Everything from the line holding "Men's Coconut Trees" to the end of the listing below should be copied exactly, line for line, minus the pictures.

──────── Provided material

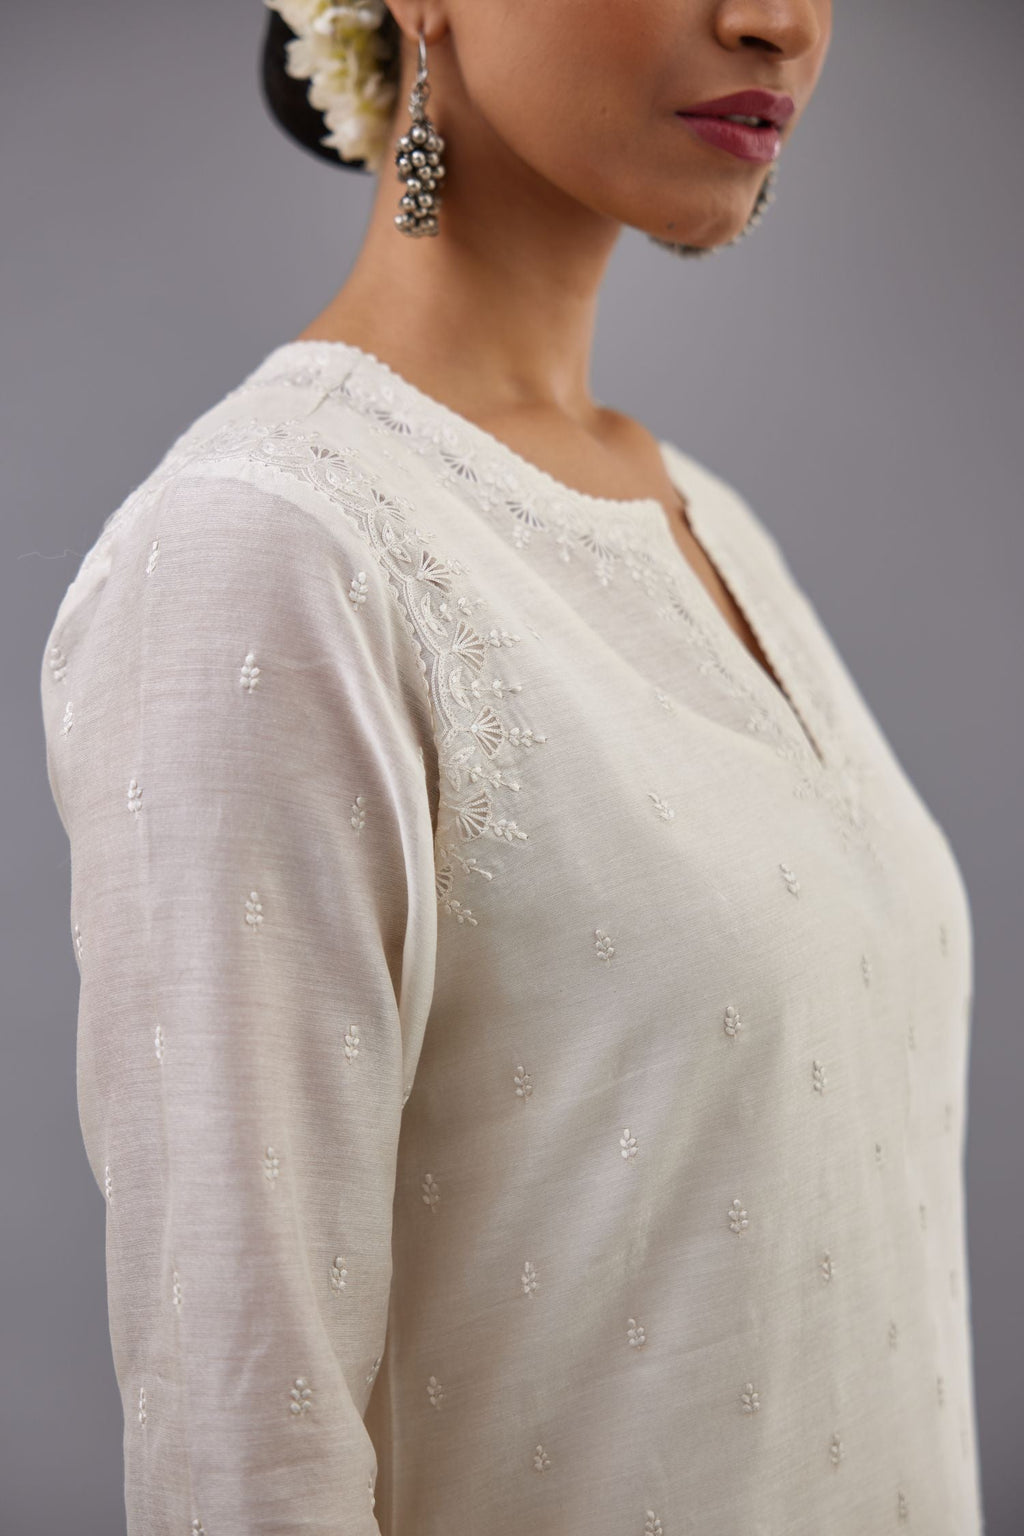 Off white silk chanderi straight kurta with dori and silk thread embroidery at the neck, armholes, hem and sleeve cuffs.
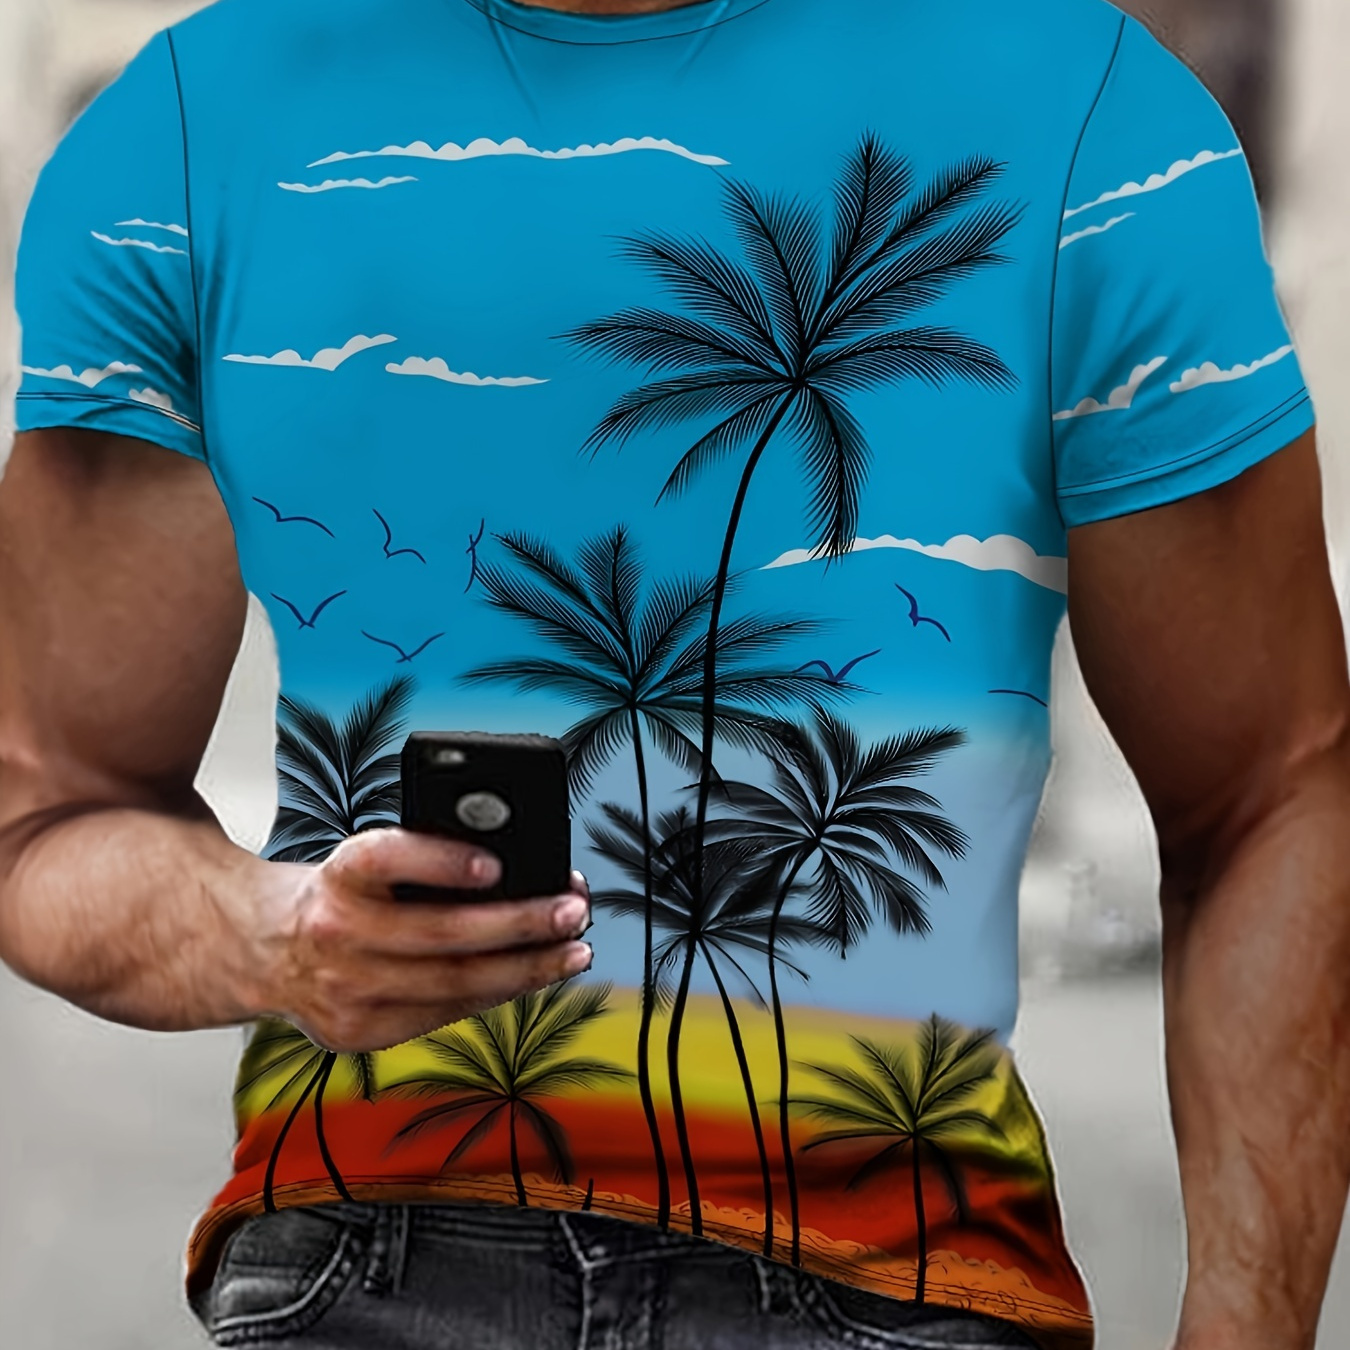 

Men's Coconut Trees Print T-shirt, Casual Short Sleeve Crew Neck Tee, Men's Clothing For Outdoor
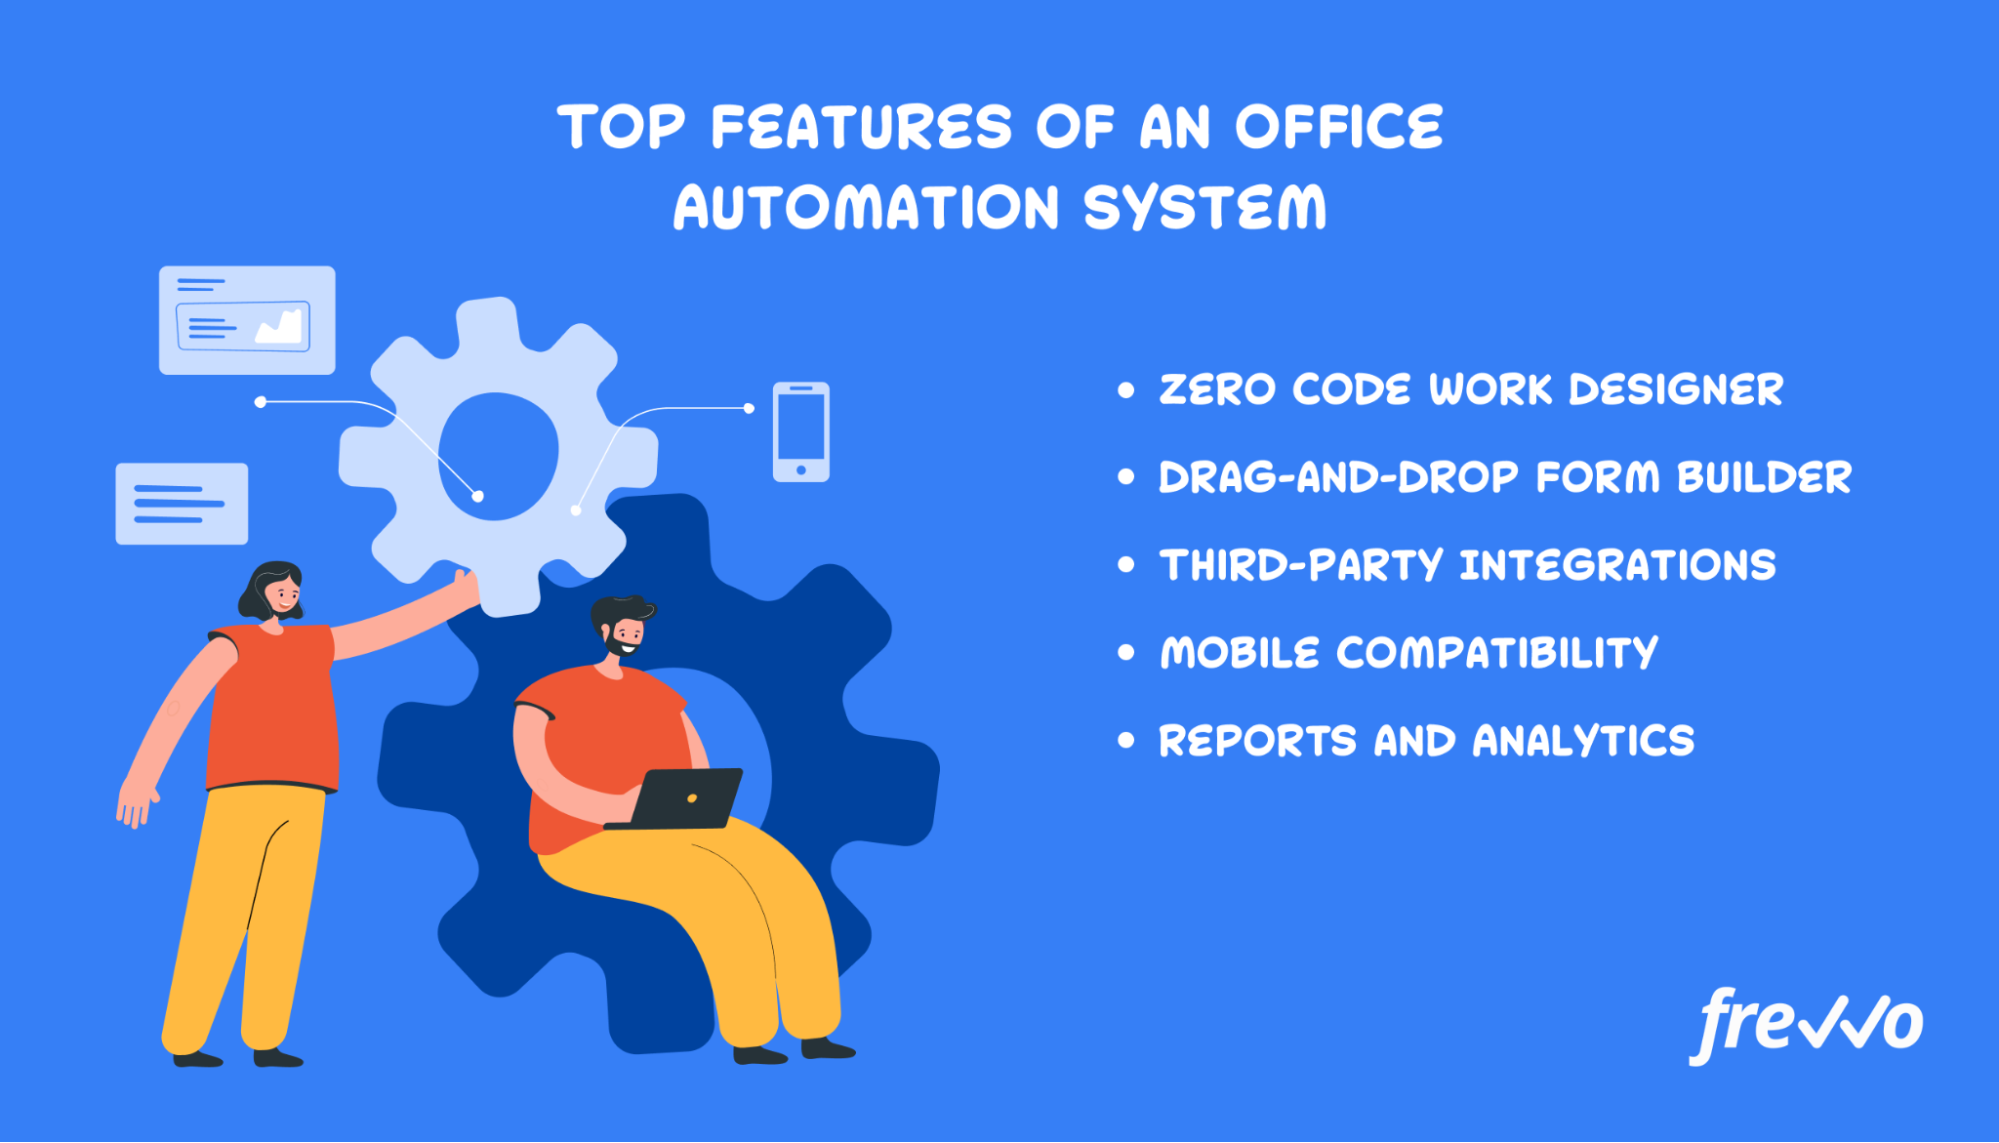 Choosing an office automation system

────────────────

# Output below
Men's Coconut Trees Print T-shirt, Casual Short Sleeve Crew Neck Tee, Men's Clothing For Outdoor
 Choosing an office automation system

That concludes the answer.